Some patients appear to be completely disabled by the fatigue, cognitive impairment, muscle weakness, and pain. There is growing evidence of objective biologic abnormalities in patients with CFS. Various imaging and functional studies of the central nervous system and immune system have been reported, and these include low levels of circulating immune complexes, elevated total complement (CH50), elevated IgG, atypical lymphocytosis, elevated alkaline phosphatase, low lactate dehydrogenase, elevated total cholesterol, and low levels of antinuclear antibody. No infectious agent has been convincingly shown to be a cause of CFS.
A patient with cronic fatigue, as described, should have the following diagnostic tests: complete blood count, manual differential white blood cell count, erythrocyte sedimentation rate, chemistry panel, thyroid-stimulating hormone, antinuclear antibody, rheumatoid factor.
Management of the patient with CFS requires more than pharmacotherapy. First, the clinician must make a personal judgment as to whether patients are accurately relating their symptoms--both those that they admit to and those that they deny. CFS is an illness defined only by symptoms. Thus, an occasional patient seeking secondary gain may fabricate a "perfect story" for CFS.
No treatment has been proved to benefit patients with CFS in large randomized controlled trials that have been replicated by other investigators in other populations of patients. Moreover, without a better understanding of the pathogenesis of CFS, it is unlikely that definitive treatment.
The most widely used treatment of CFS is sedating tricyclic antidepressant agents in low doses: amitriptyline (Elavil)* or doxepin (Sinequan),* 5 to 20 mg at bedtime. For unusually low doses, the liquid form of the medication may be necessary. Low-dose tricyclic agents have been proved efficacious.
Half or more of patients with CFS develop major depression in the months and years after the onset of their illness, although only a minority have experienced an episode of depression in the years before their illness. When patients are suffering from depression, antidepressant therapy is effective .

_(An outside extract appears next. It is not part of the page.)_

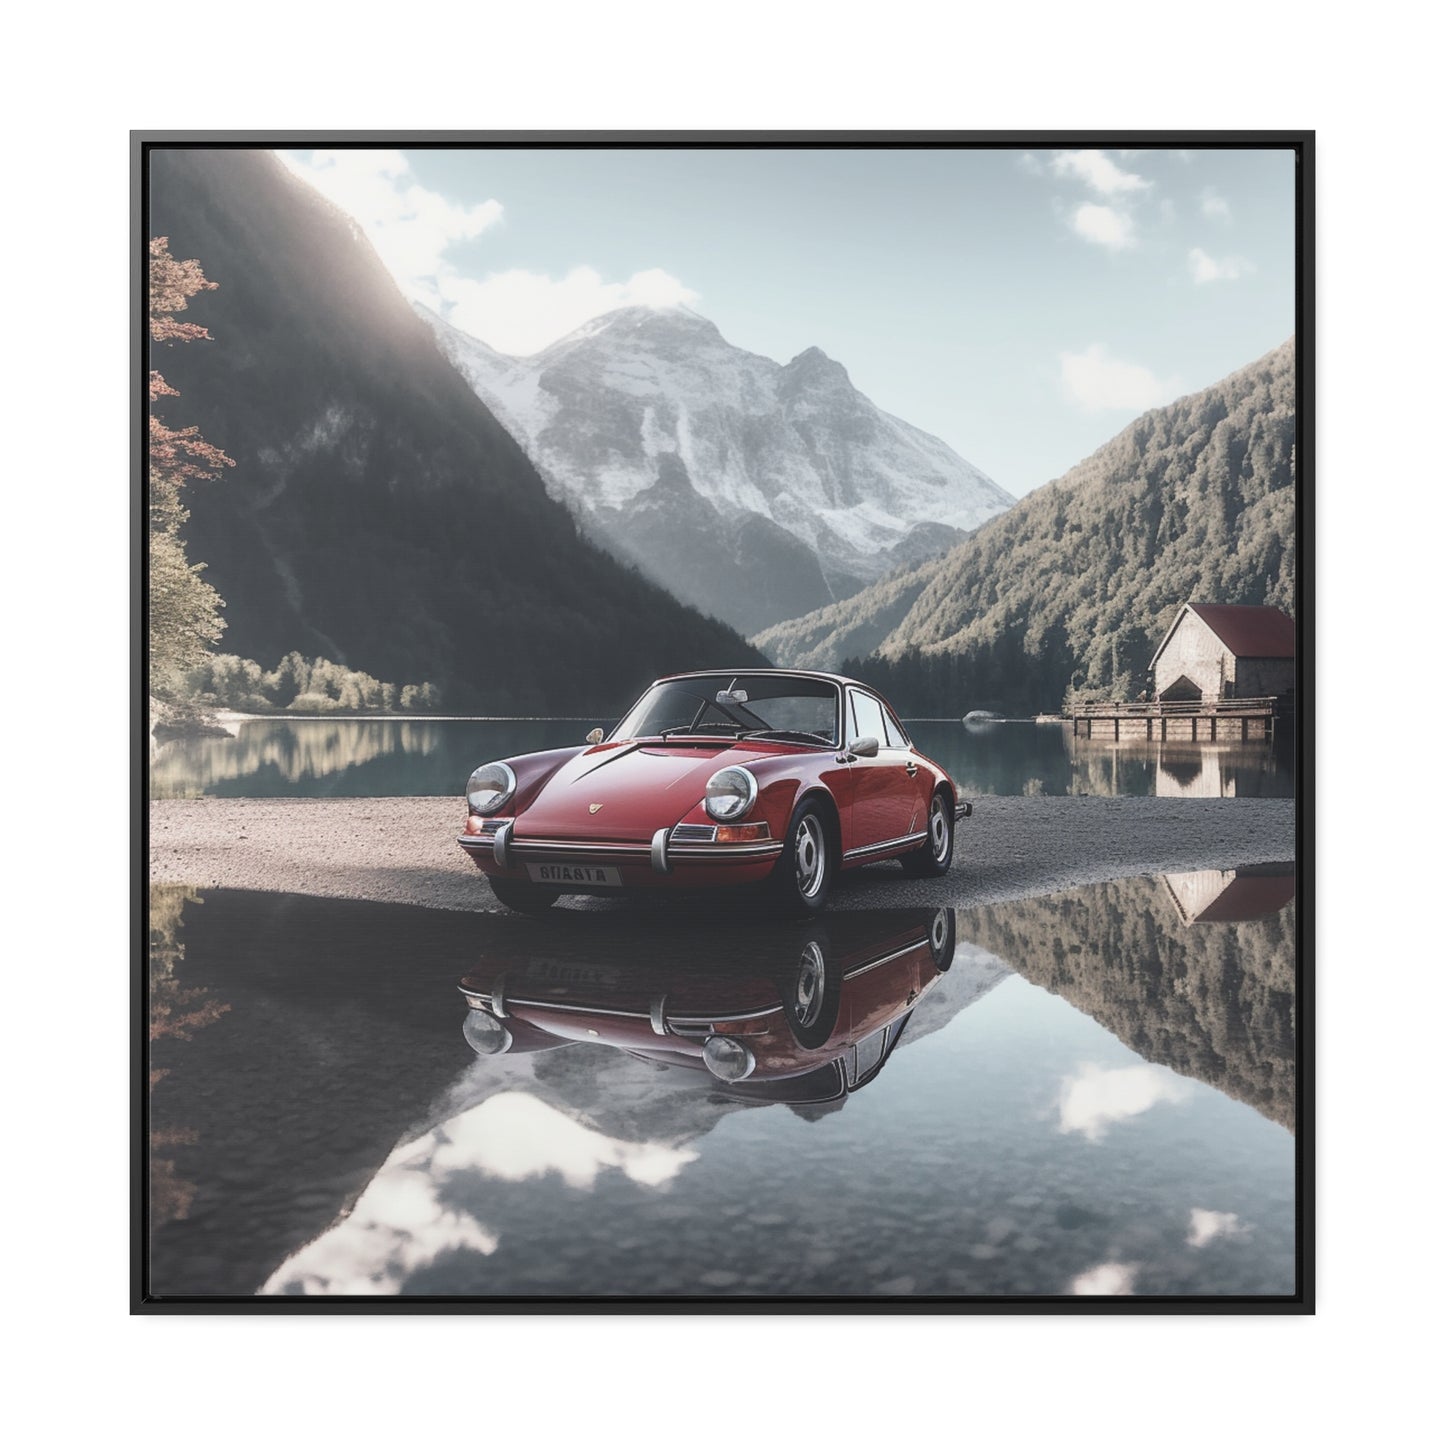 Gallery Canvas Wraps, Square Frame Porsche Lake 4

Panic disorder and generalized anxiety disorder may be more common in patients with CFS, after the onset of the illness.
The majority of patients with CFS experience myalgias, arthralgias, headaches, and migratory paresthesias.

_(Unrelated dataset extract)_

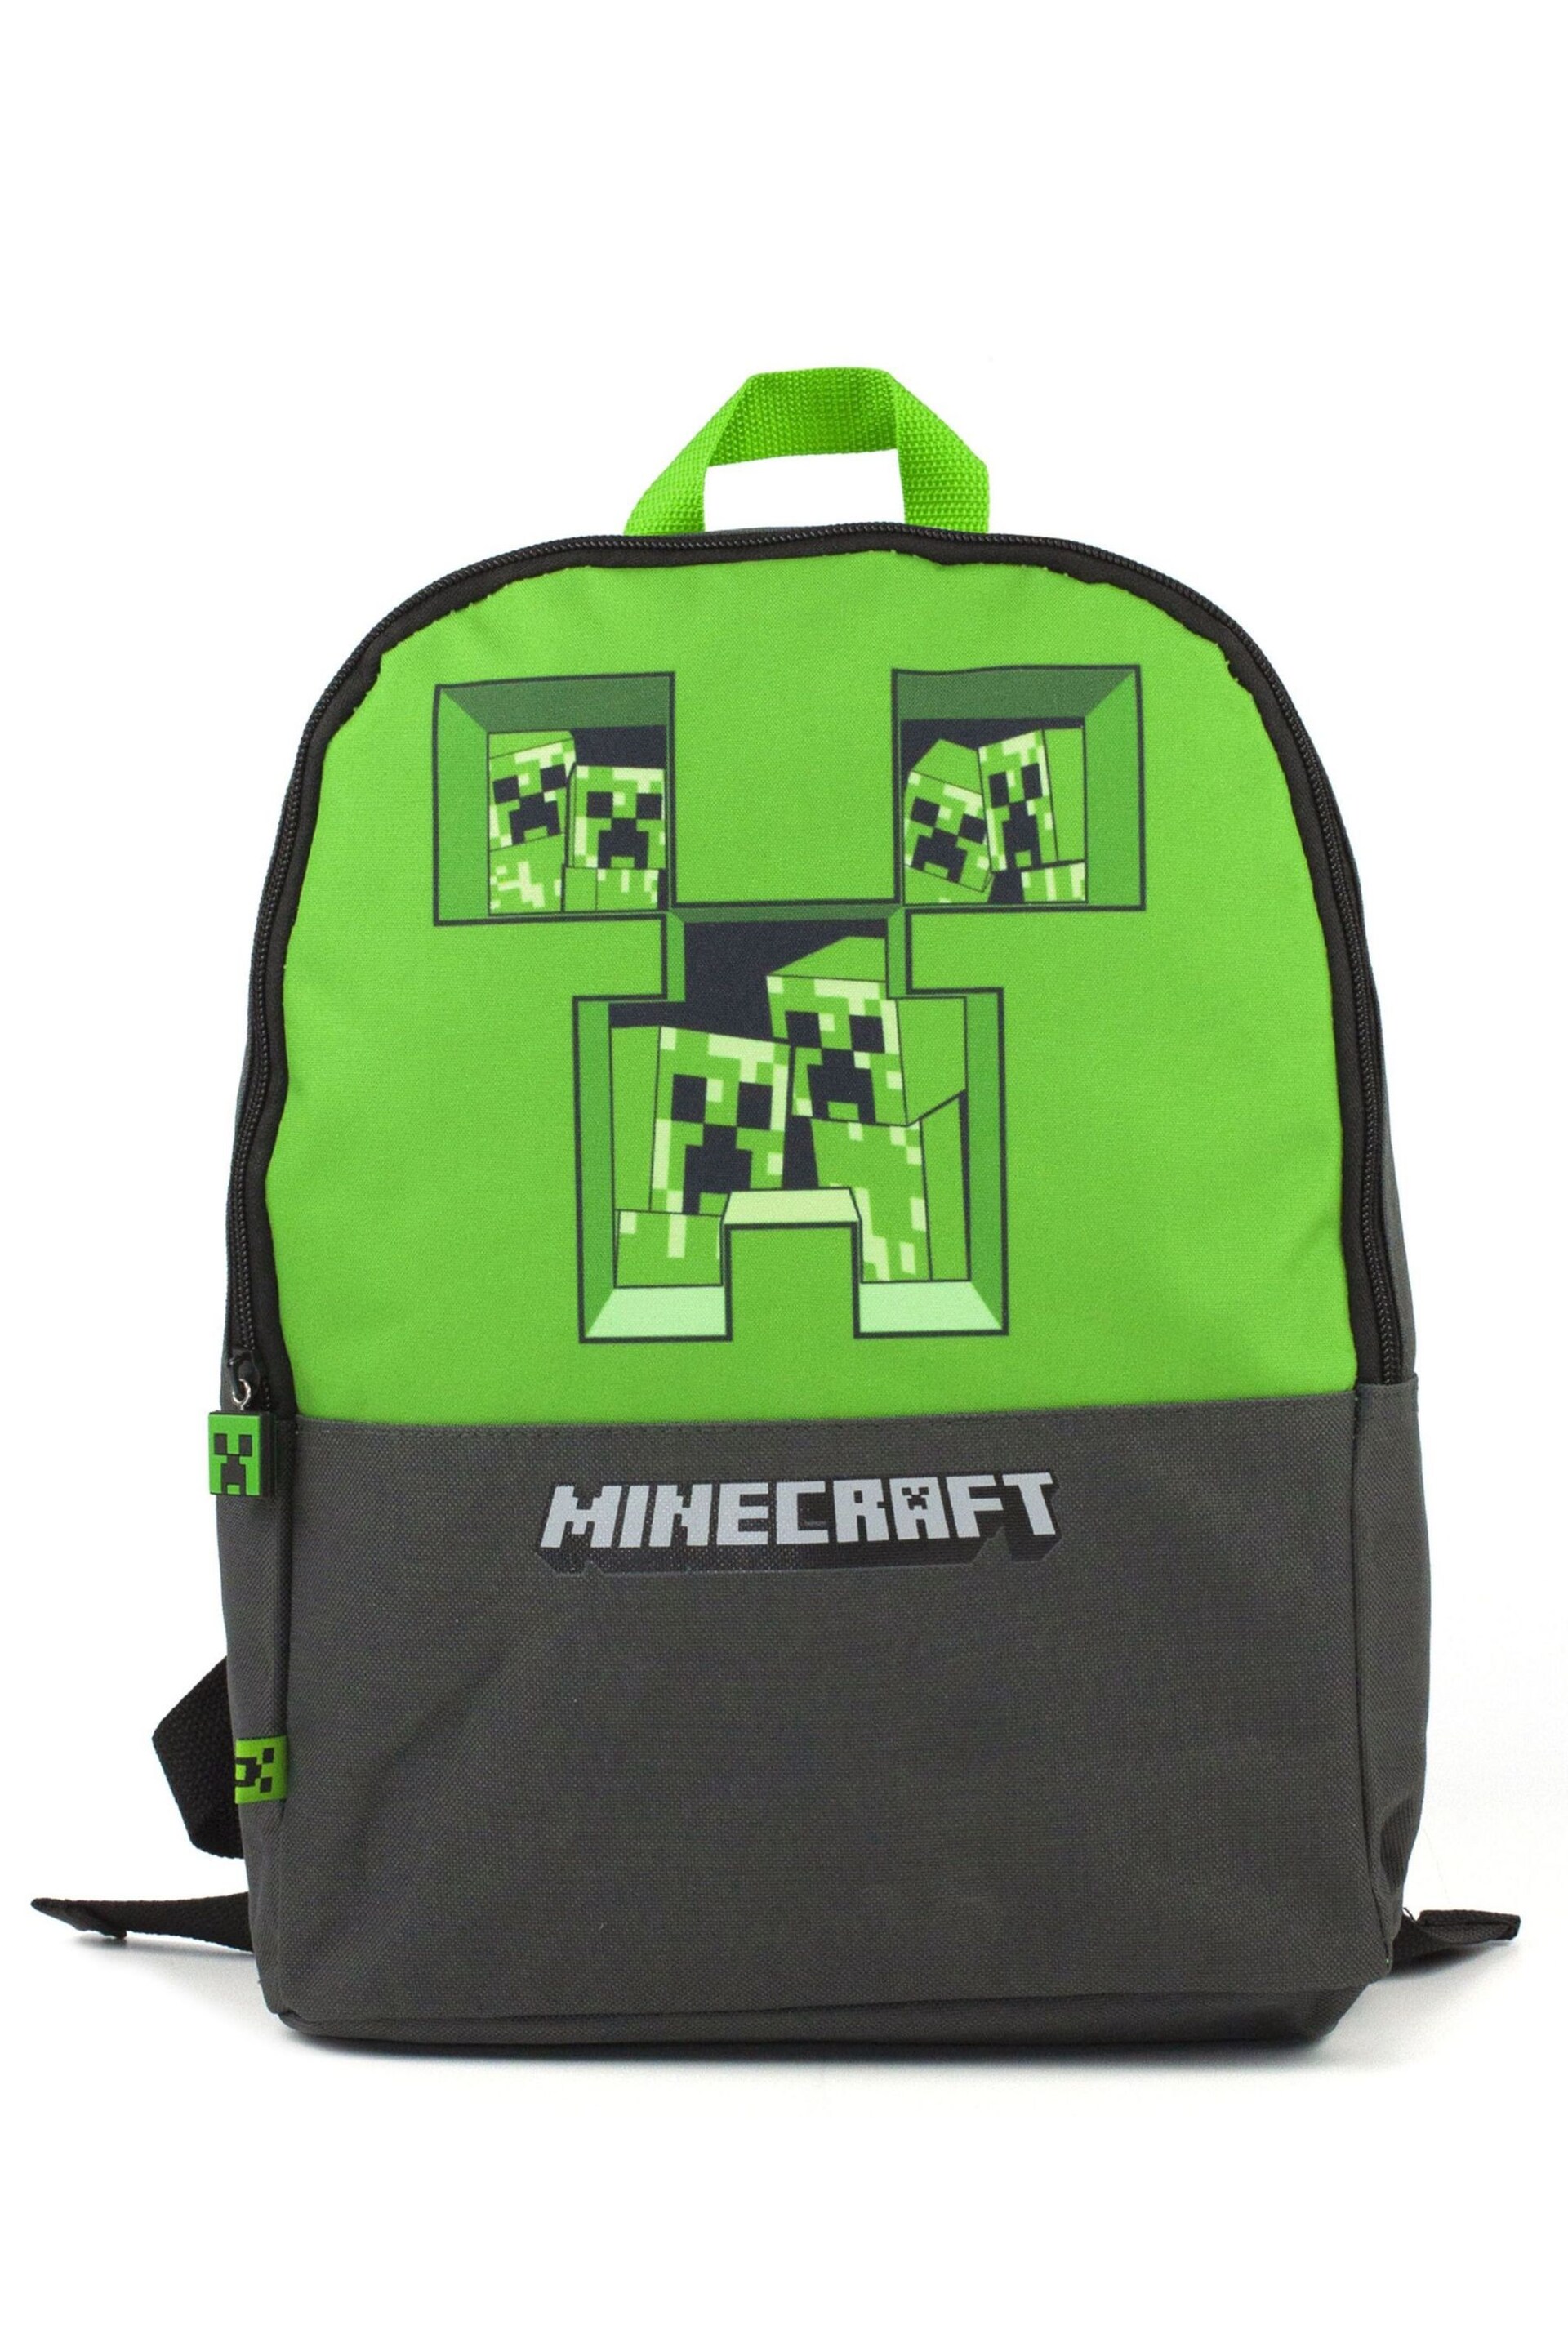 Vanilla Underground Green Minecraft Backpack - Image 1 of 4

Because there is no proven infectious cause of CFS, it is not surprising that antimicrobial agents are rarely used.
Several controlled trials of intravenous immune globulin* have been tried, on the premise that some kind of immune dysregulation may explain CFS.
Many patients with CFS have experienced atopic symptoms since childhood, and the atopic symptoms.
A substantial fraction of patients with CFS have modest abnormalities of the autonomic nervous system, leading to neurally mediated hypotension.